Native status values
Native status code | Meaning |
P | Present in checklist for region of observation but no explicit status assigned |
N | Native to region of observation |
Ne | Native and endemic to region of observation |
A | Absent from all checklists for region of observation |
I | Introduced, as declared in checklist for region of observation |
Ie | Endemic to other region and therefore introduced in region of observation |
UNK | Unknown; no checklists available for region of observation and taxon not edemic elsewhere |
- Copy the results file back to the source server and update the source database
- I recommend copying the contents of the following columns to your source database:
native_status
native_status_reason
native_status_sources
- I suggest adding prefix "nsr_" to make it very clear where these results come from and to avoid confusion with existing columns:
nsr_native_status
nsr_native_status_reason
nsr_native_status_sources
RECOMMENDATIONS:
- Run a small test file in interactive mode
- This will give you a better idea of how the application works, and will help you to troubleshoot potential issues, such as problems with file format or line endings
- Set interactive mode and echo to on, as follows:
php nsr_batch.php -e=true -i=true -f=$INPUTFILENAME -l=$LINE_ENDINGS -t=$FILE_TYPE -r=false
- Tip: if your results file is empty, you probably (a) used the wrong type of line ending, or (b) declared the wrong file type, or (c) used -t=csv, but used a non-standard CSV format .
- How to ensure a faithful join back to the original records
- NULLs in the original database present challenges for joining results back to the relevant records. This is because you cannot join on a NULL. To circumvent this problem, I recommend the following.

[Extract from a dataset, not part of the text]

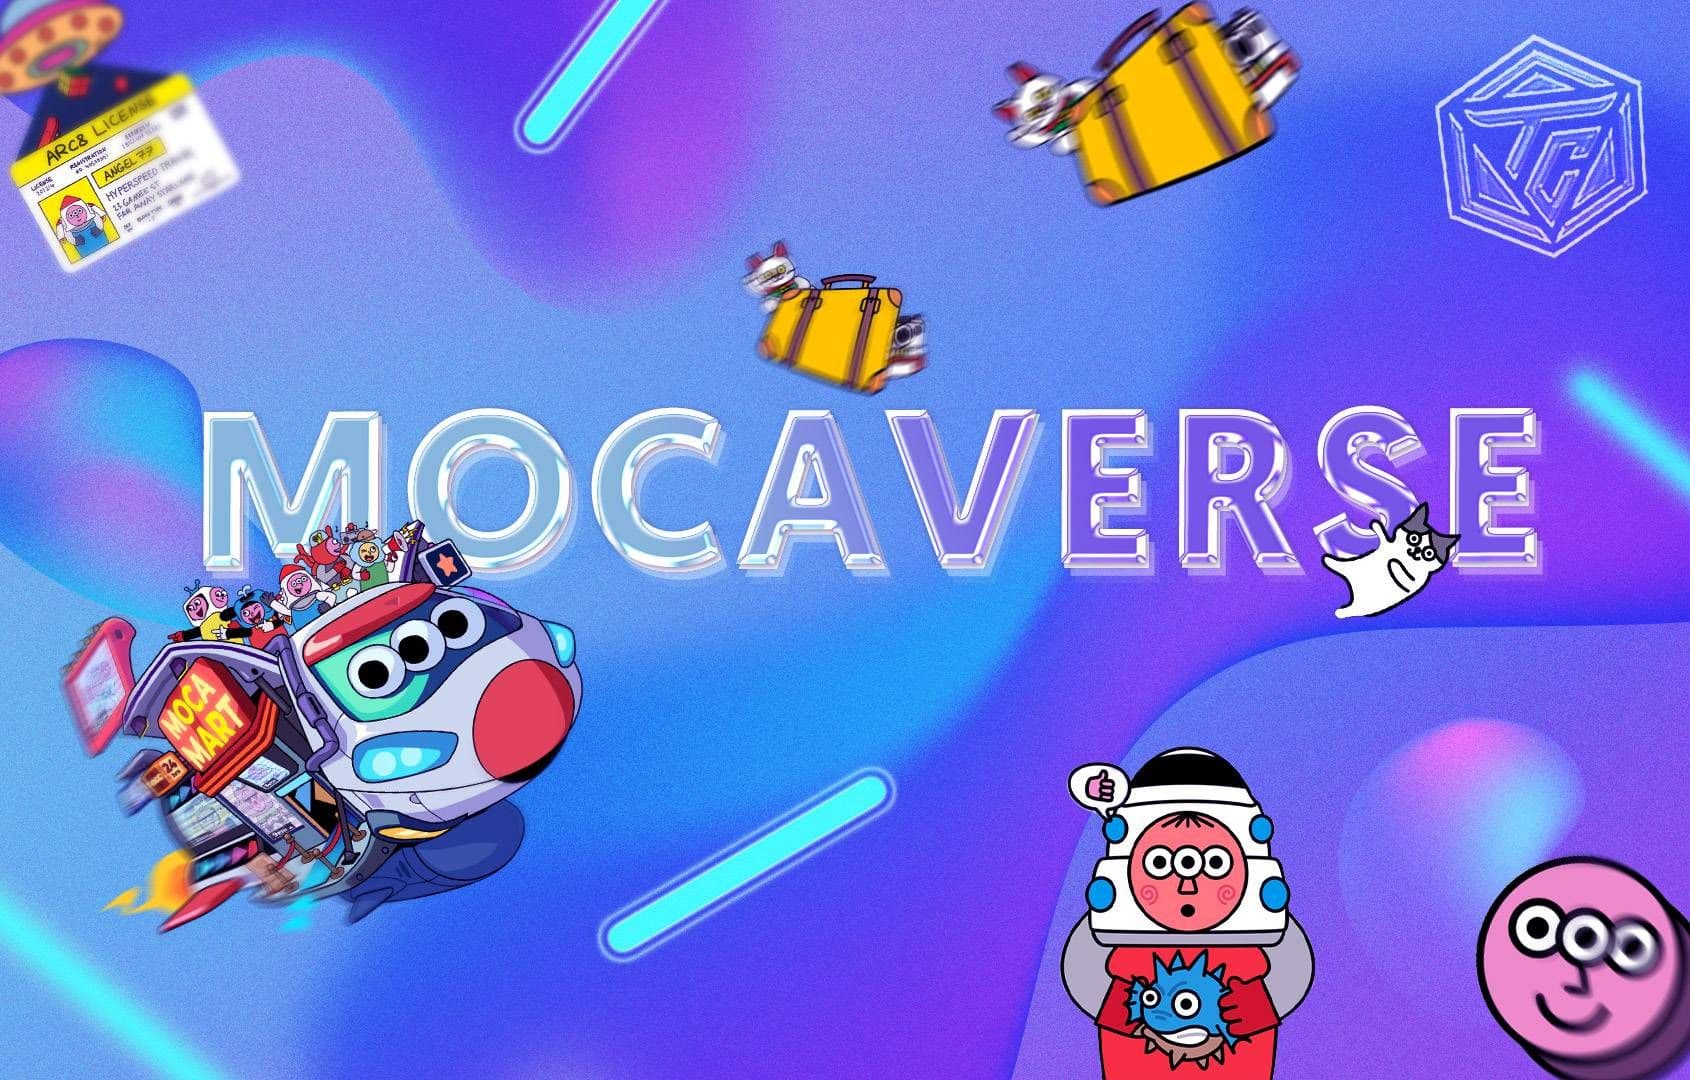 Mocaverse là gì? Bộ NFT được phát triển bởi gã khổng lồ Web3 - Animoca Brands

- Prior to completing step 1 above ("Prepare the input table"), extract from the source database a table consisting only of family, genus, species, country, state_province, AND the original primary key (PK) of the observation. This new "linking table" is not a select distinct; it should have exactly as many records as the original observation table.
- The query to construct this table should include a WHERE clause that filters out unwanted records (i.e., no species, no country, etc.)
- Set all NULL values to empty string in the linking table.
- Extract the "input table" (describe in step 1) from the linking table, using a SELECT DISTINCT and omitting the PK of the linking table.
- After importing the NSR results back to the database, join it back to the original observation table via the linking table as follows:
- Join the results table to the linking table on country, state_province and species
- Join the linking table to the observation table on the PK
- If you have a better way of doing this, go for it. This is how I do it.